MarshalX · ngerakines · Apr 9, 2025 · Apr 9, 2025 · Apr 9, 2025 · Apr 10, 2025
diff --git a/.devcontainer/.devcontainer.json b/.devcontainer/.devcontainer.json
@@ -0,0 +1,10 @@
+{
+	"dockerComposeFile": [
+		"docker-compose.yml"
+	],
+	"service": "devcontainer",
+	"workspaceFolder": "/workspace",
+	"features": {
+		"ghcr.io/devcontainers/features/docker-in-docker:2": {}
+	}
+}
diff --git a/.devcontainer/docker-compose.yml b/.devcontainer/docker-compose.yml
@@ -0,0 +1,21 @@
+version: '3.8'
+volumes:
+  aip_db:
+  aip_ts:
+services:
+  devcontainer:
+    image: mcr.microsoft.com/devcontainers/python:3.13
+    volumes:
+      - ..:/workspace:cached
+      - /var/run/docker.sock:/var/run/docker.sock
+    command: sleep infinity
+    environment:
+      - TZ=America/New_York
+
+  tailscale:
+    image: tailscale/tailscale:latest
+    restart: unless-stopped
+    environment:
+      - TS_STATE_DIR=/var/run/tailscale
+    volumes:
+      - aip_ts:/var/run/tailscale
diff --git a/packages/atproto_client/__init__.py b/packages/atproto_client/__init__.py
@@ -3,10 +3,13 @@
 from atproto_client.client.client import Client
 from atproto_client.client.session import Session, SessionEvent
 
+from atproto_client.client.cli import main
+
 __all__ = [
     'AsyncClient',
     'Client',
     'models',
     'SessionEvent',
     'Session',
+    'main',
 ]
diff --git a/packages/atproto_client/client/base.py b/packages/atproto_client/client/base.py
@@ -127,7 +127,7 @@ def _invoke(self, invoke_type: InvokeType, **kwargs: t.Any) -> Response:
 class AsyncClientBase(_ClientCommonMethodsMixin):
     """Low-level methods are here."""
 
-    def __init__(self, base_url: t.Optional[str] = None, request: t.Optional[AsyncRequest] = None) -> None:
+    def __init__(self, base_url: t.Optional[str] = None, request: t.Optional[AsyncRequest] = None, *args: t.Any, **kwargs: t.Any) -> None:
         if request is None:
             request = AsyncRequest()
 

diff --git a/packages/atproto_client/client/cli.py b/packages/atproto_client/client/cli.py
@@ -0,0 +1,88 @@
+import os
+import asyncio
+import aiohttp
+from typing import Callable, Any
+from authlib.jose import JsonWebKey
+
+from atproto_client import AsyncClient, Session, SessionEvent
+from atproto_client.exceptions import UnauthorizedError
+
+
+async def fetch_credentials(aip_jwk: str, aip_server: str = "https://grazeaip.tunn.dev") -> Session:
+    async with aiohttp.ClientSession() as session:
+        headers = {
+            "Authorization": f"Bearer {aip_jwk}",
+        }
+        async with session.get(f"{aip_server}/internal/api/me", headers=headers) as response:
+            me_response = await response.json()
+
+            if "error" in me_response:
+                raise Exception(me_response["error"])
+
+            oauth_session_valid = me_response.get("oauth_session_valid", False)

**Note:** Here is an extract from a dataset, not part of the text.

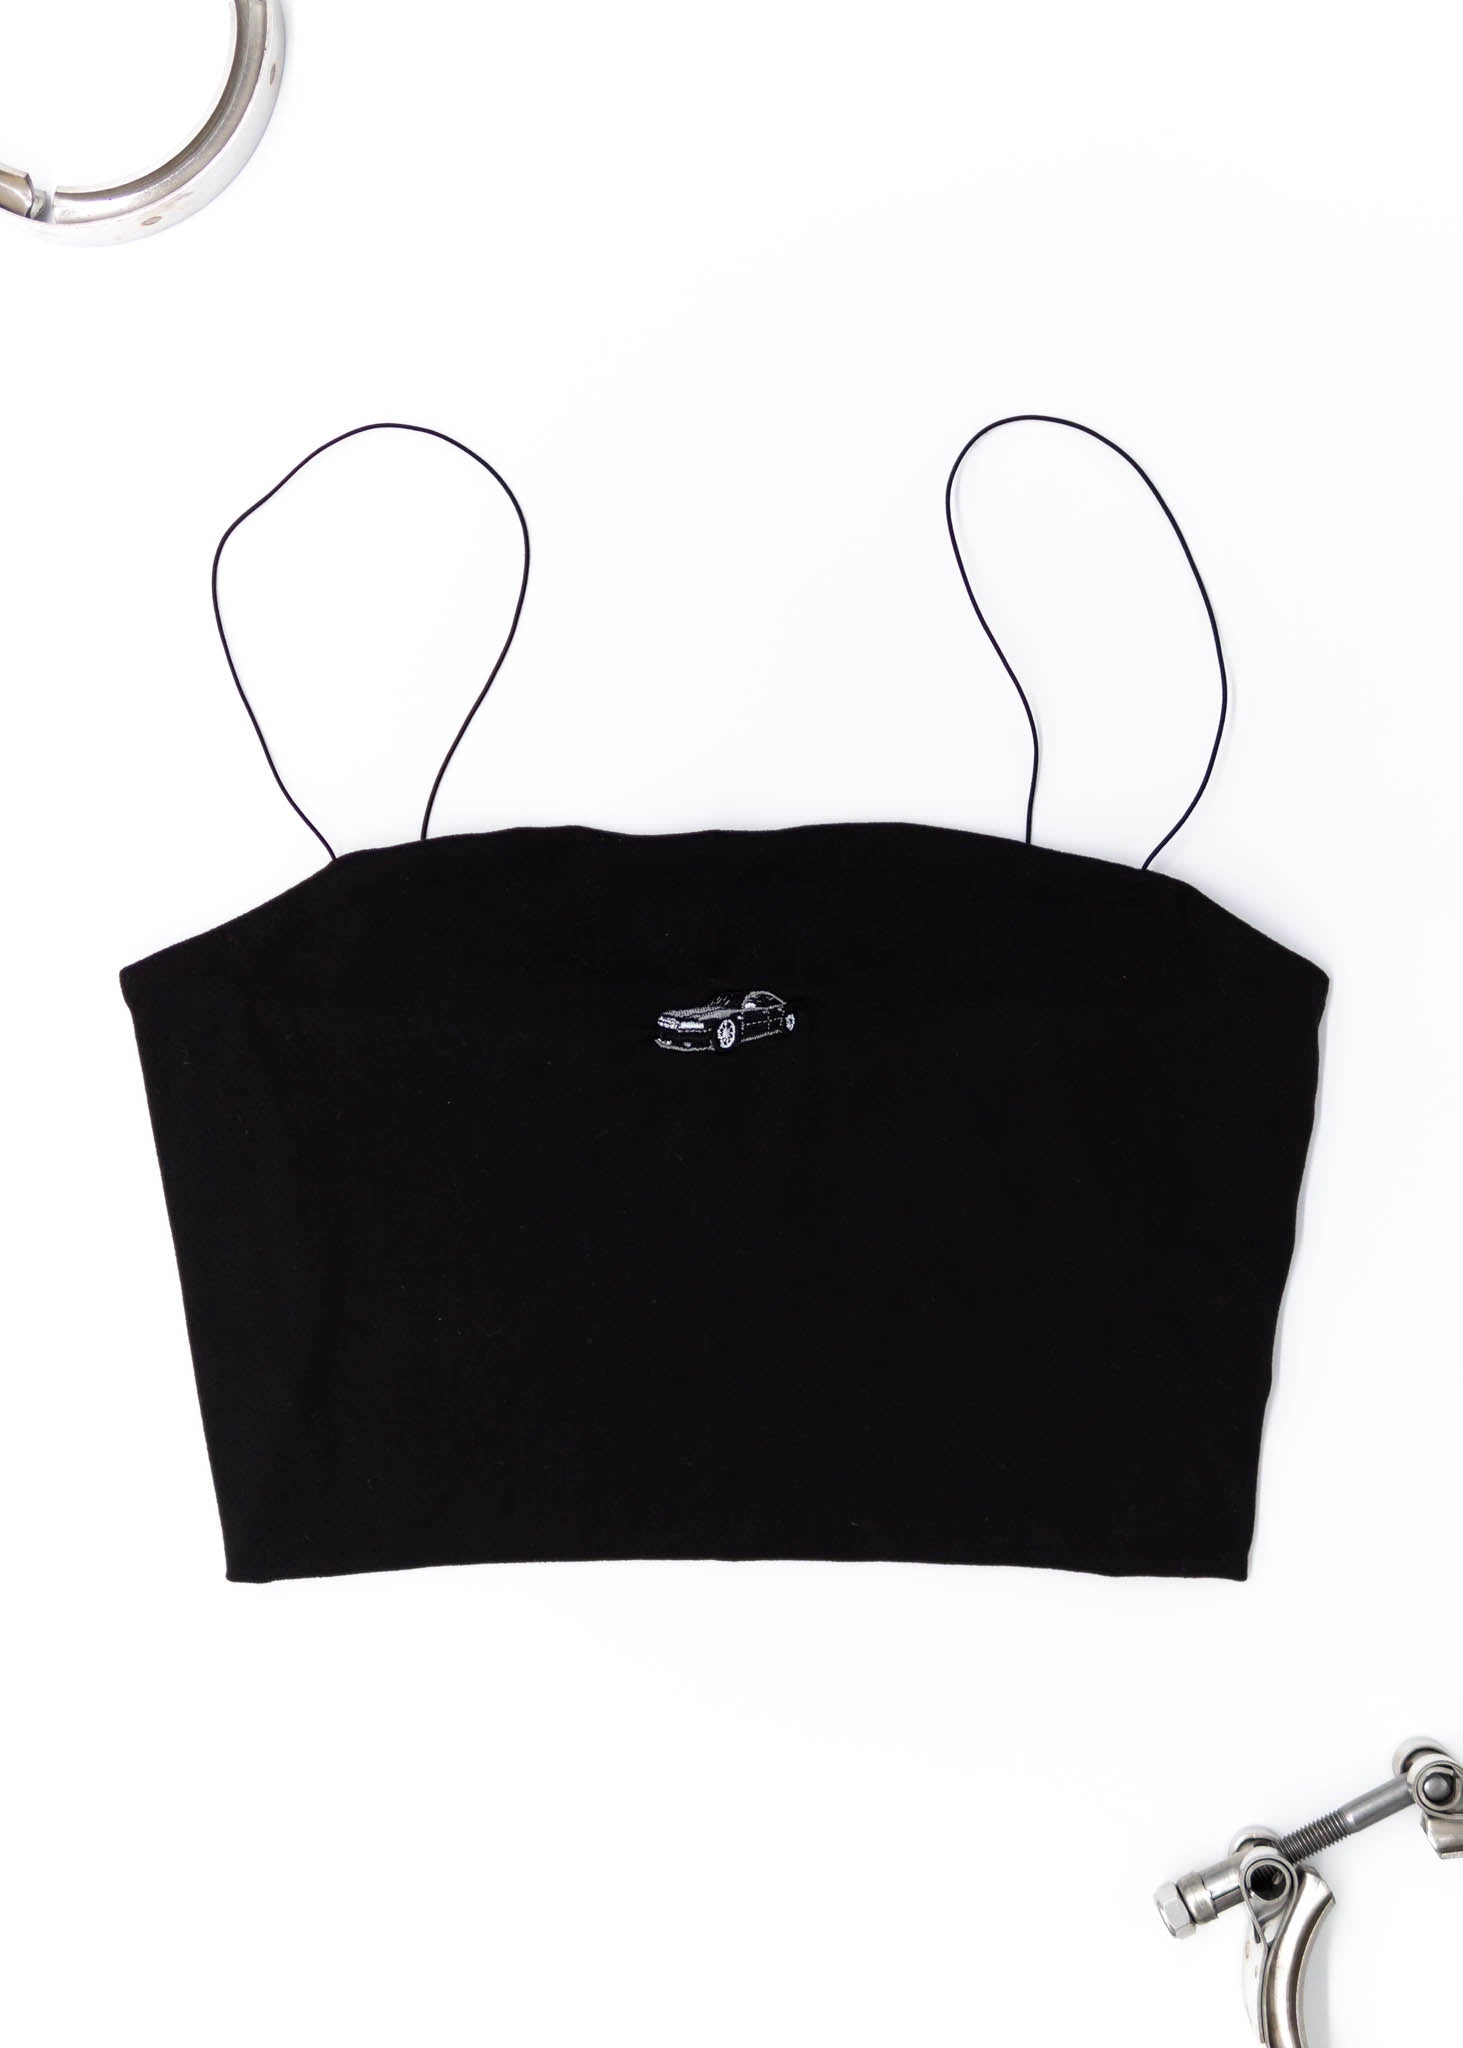 A black Audi crop top for women. Photo is a front view of the shirt with an embroidered Black Audi D2 S8. Fabric composition is 100% polyester. The material is very soft, comfortable, non-transparent. The style of this shirt is sleeveless, spaghetti straps, with a straight neckline.

+            app_password_session_valid = me_response.get(
+                "app_password_session_valid", False)
+
+            if not oauth_session_valid and not app_password_session_valid:
+                raise Exception("No valid session found")
+
+        async with session.get(f"{aip_server}/internal/api/credentials", headers=headers) as response:
+            session_response = await response.json()
+
+            if "error" in session_response:
+                raise Exception(session_response["error"])
+
+            if "type" in session_response and session_response["type"] == "dpop":
+                session = Session(
+                    handle=me_response.get("handle", ""),
+                    did=me_response.get("did", ""),
+                    pds_endpoint=me_response.get("pds", None),
+                    static_dpop_token=session_response.get("token", None),
+                    static_dpop_issuer=session_response.get("issuer", None),
+                    static_dpop_jwk=JsonWebKey.import_key(session_response.get("jwk", None)),
+                )
+                return session
+    raise Exception("oops")
+
+
+async def retry_invoke(client: AsyncClient, session: Session, func: Callable, *args, **kwargs) -> Any:
+    for i in range(2):
+        try:
+            return await func(*args, **kwargs)
+        except UnauthorizedError as e:
+            if e.response is not None and e.response.status_code == 401:
+                if "www-authenticate" in e.response.headers and "use_dpop_nonce" in e.response.headers["www-authenticate"]:
+                    session.static_dpop_nonce = e.response.headers["dpop-nonce"]
+                    continue
+            raise e
+
+async def realMain() -> None:
+    session = await fetch_credentials(os.getenv("AIP_JWK", ""), "https://auth.m.graze.social")
+
+    client = AsyncClient()
+    await client._set_session(SessionEvent.IMPORT, session)
+
+    create_record_args = {
+        "collection": "garden.lexicon.deeply-mouse.profile",
+        "repo": session.did,
+        "record": {
+            "$type": "garden.lexicon.deeply-mouse.profile",
+            "name": session.handle,
+        },
+        "validate": False,
+    }
+
+
+    created_record = await retry_invoke(client, session, client.com.atproto.repo.create_record, {**create_record_args})
+    print(created_record)
+
+    records = await retry_invoke(client, session, client.com.atproto.repo.list_records, {"collection": "garden.lexicon.deeply-mouse.profile", "repo": session.did})
+    print(records)
+
+
+def main() -> None:
+    asyncio.run(realMain())
+
+
+if __name__ == '__main__':
+    main()
diff --git a/packages/atproto_client/client/methods_mixin/session.py b/packages/atproto_client/client/methods_mixin/session.py
@@ -1,5 +1,9 @@
 import typing as t
 from datetime import timedelta
+from authlib.common.security import generate_token
+from authlib.oauth2.rfc7636 import create_s256_code_challenge
+from authlib.jose import jwt
+import json
 
 from atproto_client.client.methods_mixin.time import TimeMethodsMixin
 from atproto_client.client.session import (
@@ -96,26 +100,38 @@ def __init__(self, *args: t.Any, **kwargs: t.Any) -> None:
         self._session_dispatcher = SessionDispatcher()
 
     def _register_auth_headers_source(self) -> None:
-        self.request.add_additional_headers_source(self._get_access_auth_headers)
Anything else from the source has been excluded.